We hypothesized that specific amino acid substitutions are triggers for outbreaks. To predict potential epidemic outbreaks, we proposed the ZHU algorithm presented in Fig. 4a and tested it on different true sets of SARS-CoV-2 data before outbreaks to search for real significant mutational accumulation patterns related to the outbreak events. We found 171 statistically significant substitutions (Significance level p < 0.05) as potential epi-factors within 55 different countries and regions. We proposed the ZHU prediction which was similar with the “China's abacus”, to perform the cycling of N generations of training by GLM and reordering according to AIC (The Akaike Information Criterion). Finally, we performed the ZHU prediction based on the weighted intercept estimates provided by the supporting information of true sets, and accessed by 42 validation sets with positive precision, sensitivity, and accuracy, as follows.

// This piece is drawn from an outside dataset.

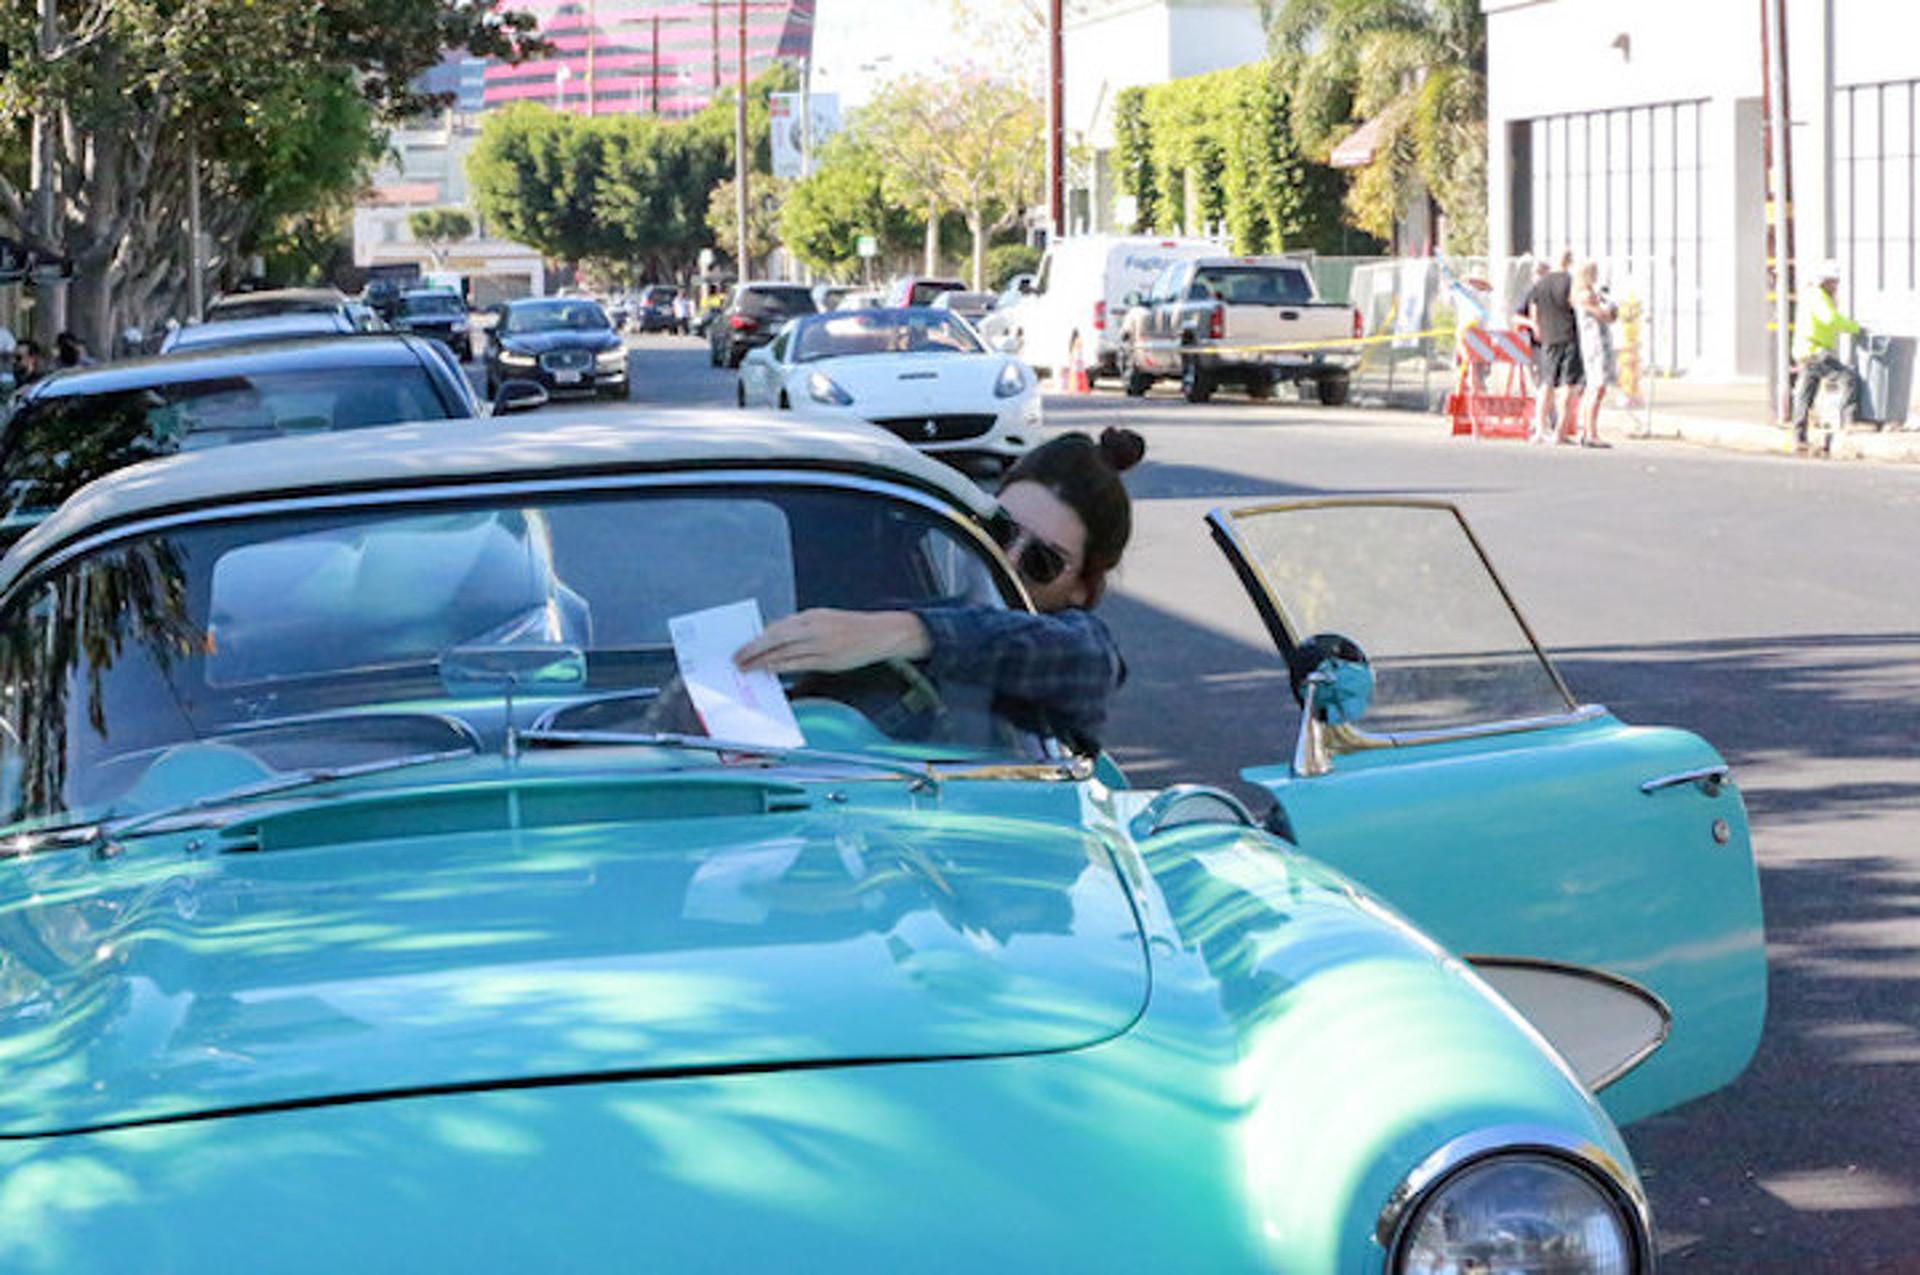 Kendall Jenner saat mengendarai Chevrolet Corvette 1957 berwarna turquoise miliknya.

However, our prediction of outbreak was only based on significant amino acids substitutes excluded other epi-factors. Very interestingly, it was obvious that amino acid substitution type X13.NSP3_T183I.I was a potential epi-factor in Iran, the Netherlands and Norway. X74.S_S371L.L was significantly correlated with numbers of new cases in Finland, Canada and Brazil, as shown in Fig. 4b. Across N generations of training by GLM and reordering, we found 171 significant substitutions as potential epi-factors within 55 different countries and regions, as demonstrated in Supplementary Table 3. Finally, we successfully presented the performance of the ZHU algorithm on 42 validation sets in Fig. 4c. From most validations, we could accurately predict the potential pre-phase of the outbreak by ZHU prediction. By counting the number of true instances, we summarized the positive precision, sensitivity, and accuracy of Epi-Clock with the true validation sets as presented in Fig. 4d and Supplementary Table 3, where the median interval before outbreaks was 5 days.